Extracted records
*** Block opens ***

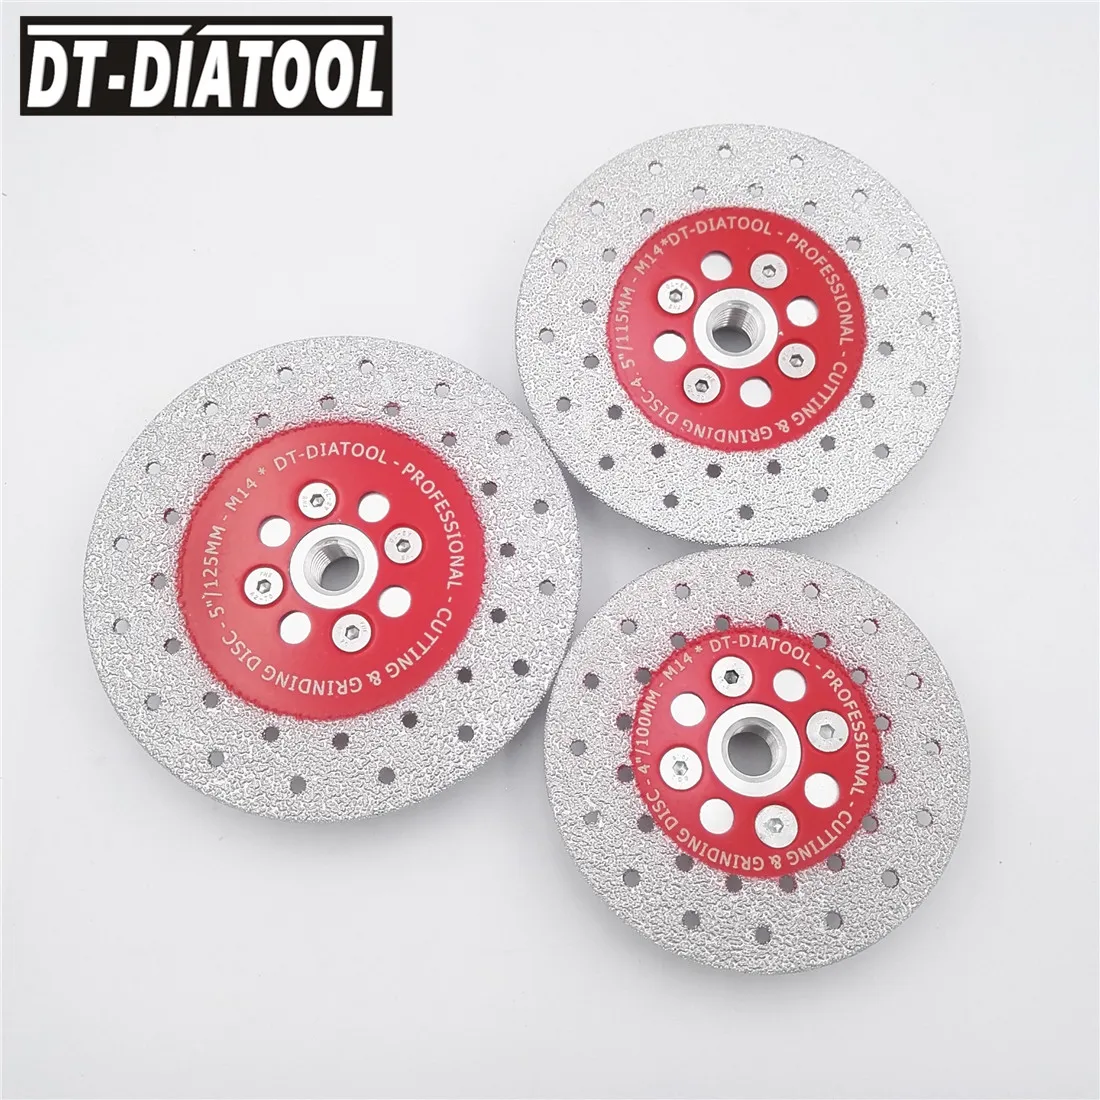 

DT-DIATOOL 1pc Dia 100/115/125mm Double Side Coated Diamond Cutting Disc Grinding Wheel for Marble Granite Angle Grinder M14
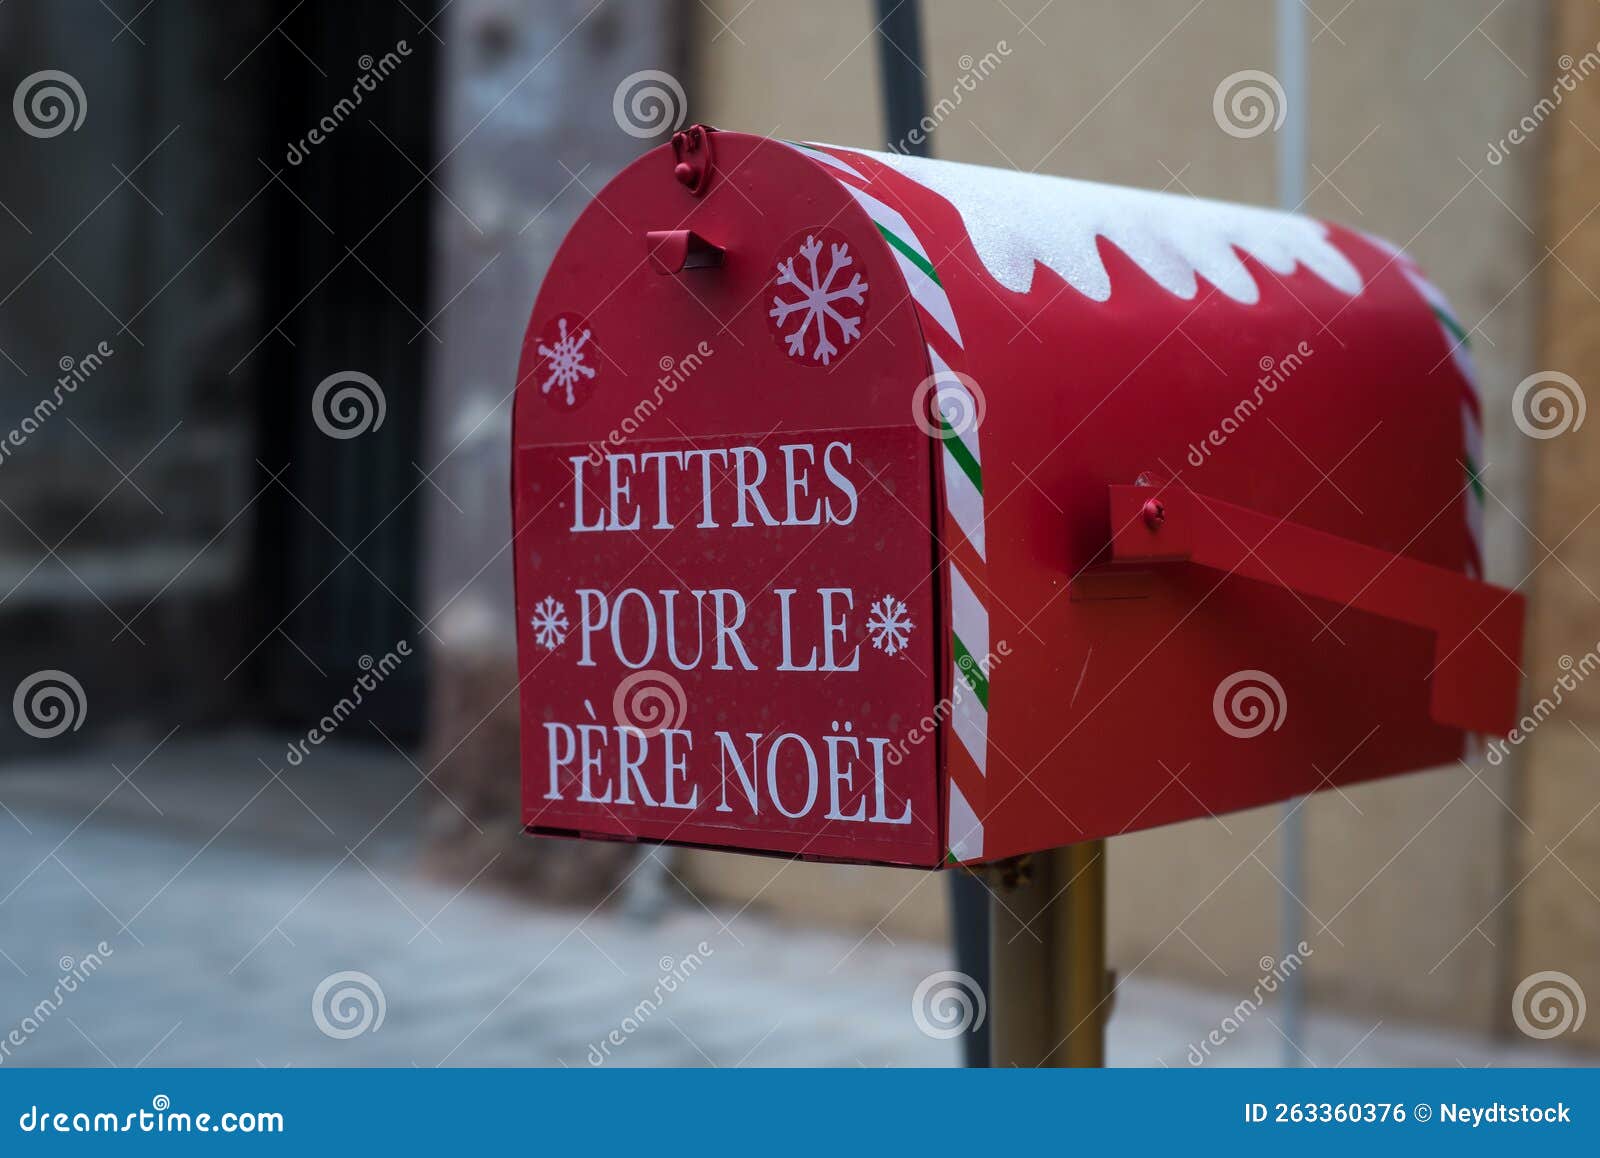 mail box with text in french : lettres pour le pere noel, traduction in english, letters forthe santa claus
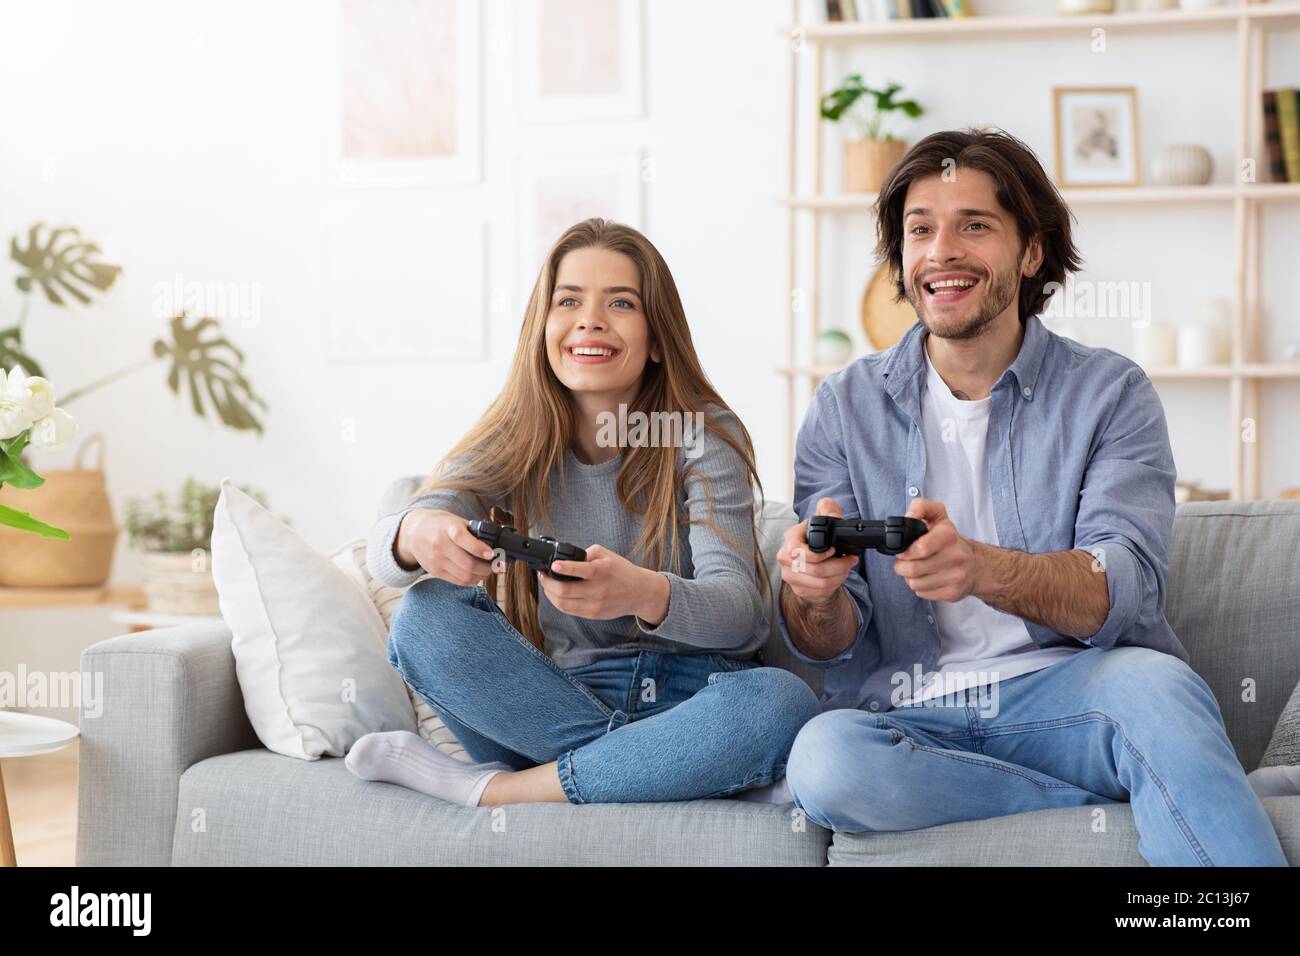 Excited funny couple playing video games at home Stock Photo
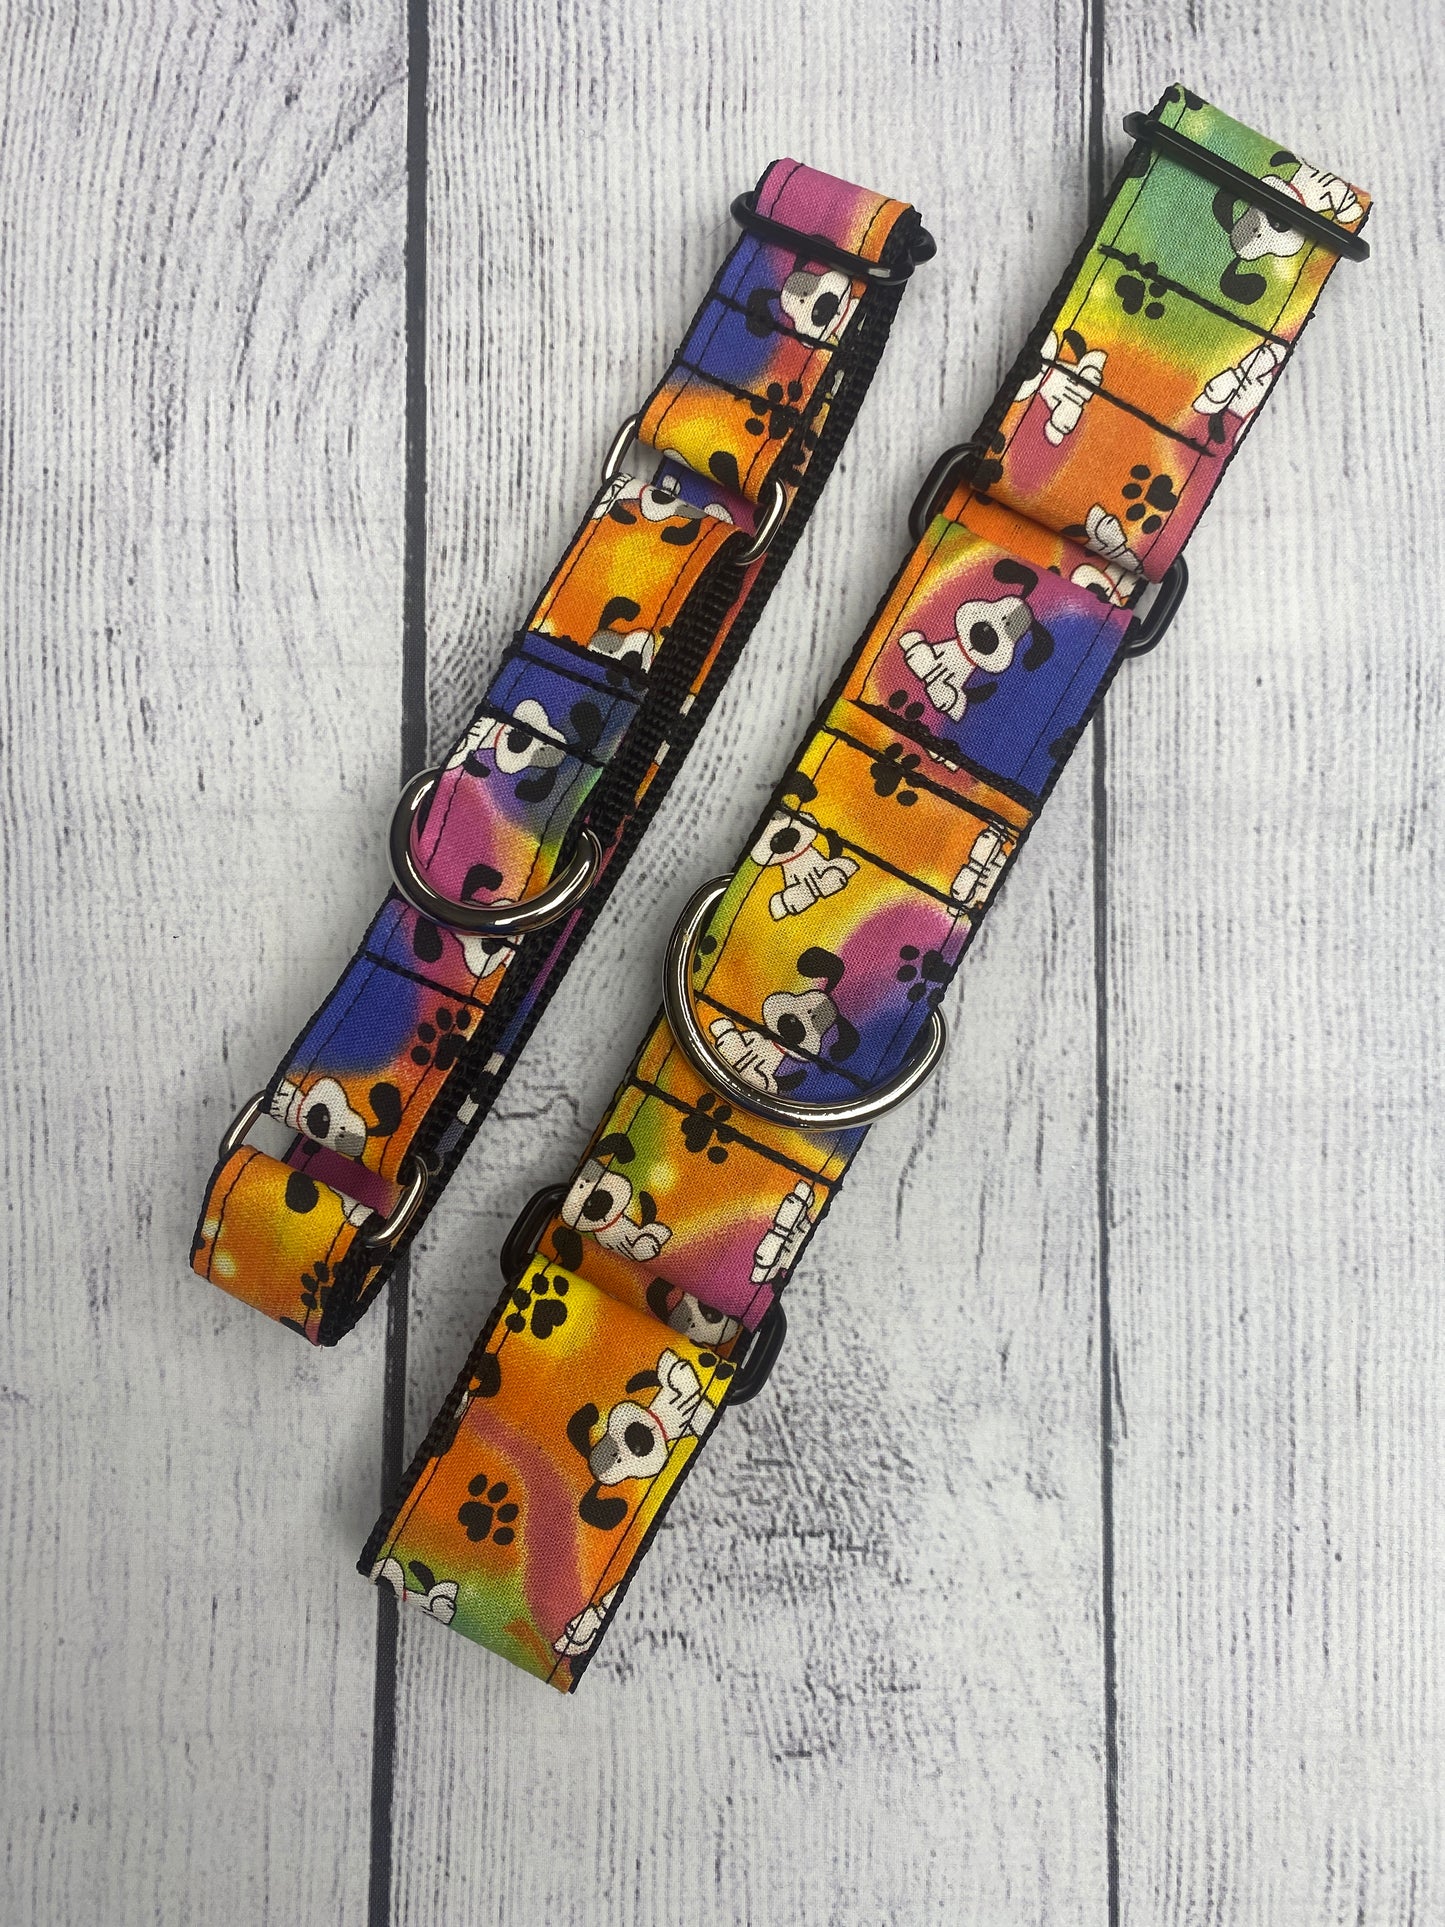 Color Doggy Print Martingale
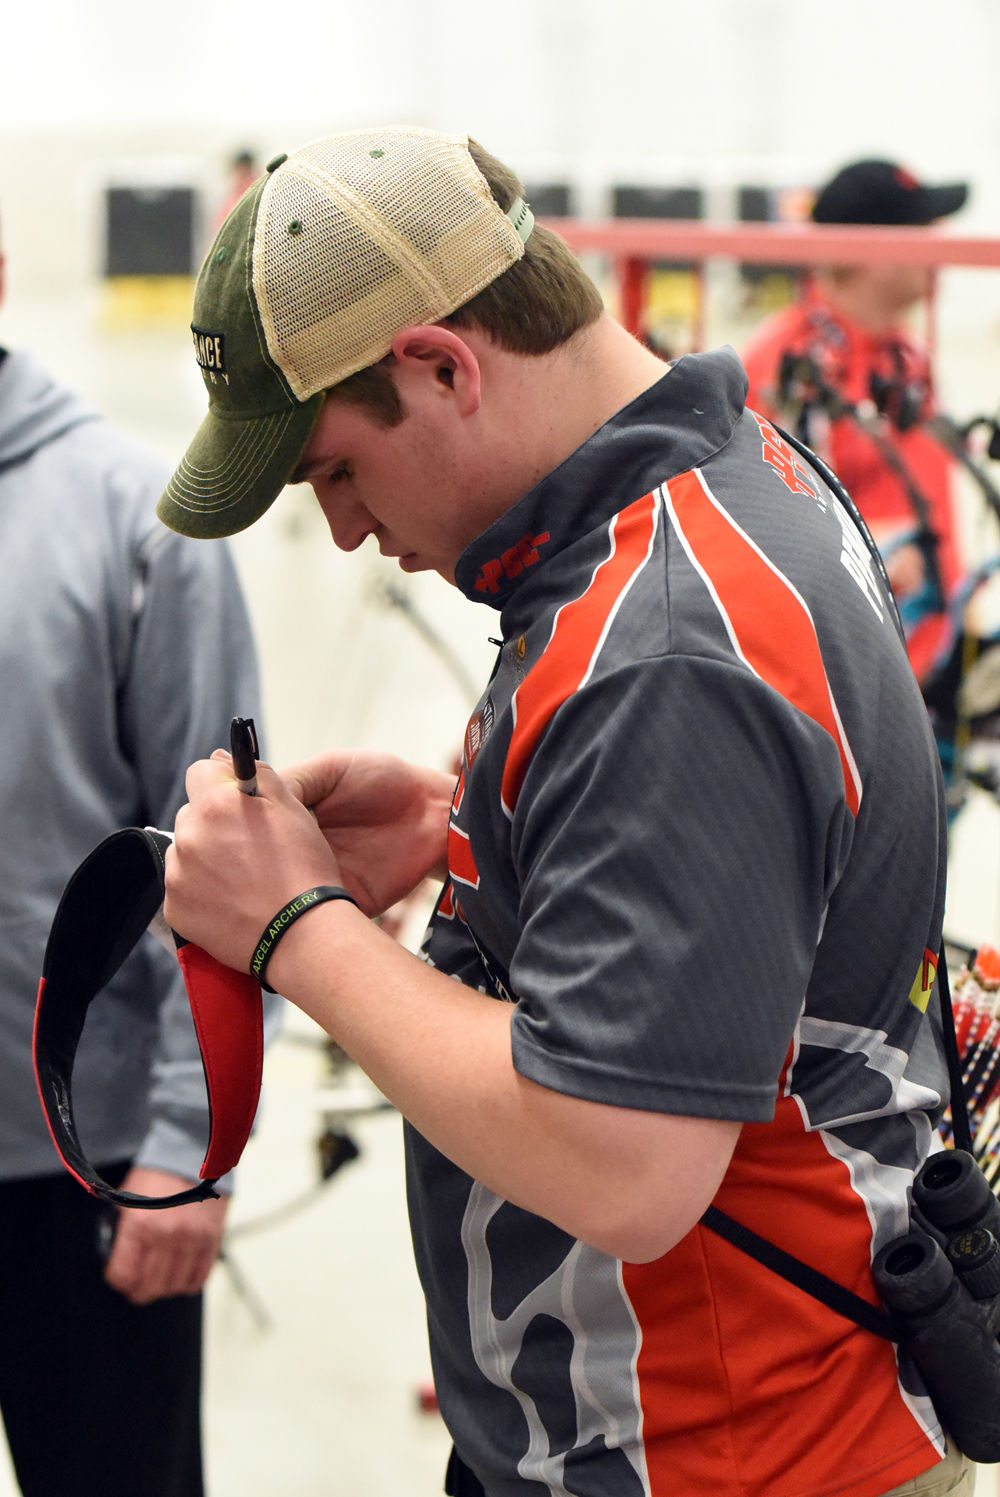 Archery: 22-Year-Old Comes Up Just Short Of $1M Prize

*** Block closes ***

What you should do: Set the records down again exactly, with no pictures.

Expected output:
DT-DIATOOL 1pc Dia 100/115/125mm Double Side Coated Diamond Cutting Disc Grinding Wheel for Marble Granite Angle Grinder M14
 mail box with text in french : lettres pour le pere noel, traduction in english, letters forthe santa claus
 Excited funny couple playing video games at home Stock Photo
 Color Doggy Print Martingale
 Archery: 22-Year-Old Comes Up Just Short Of $1M Prize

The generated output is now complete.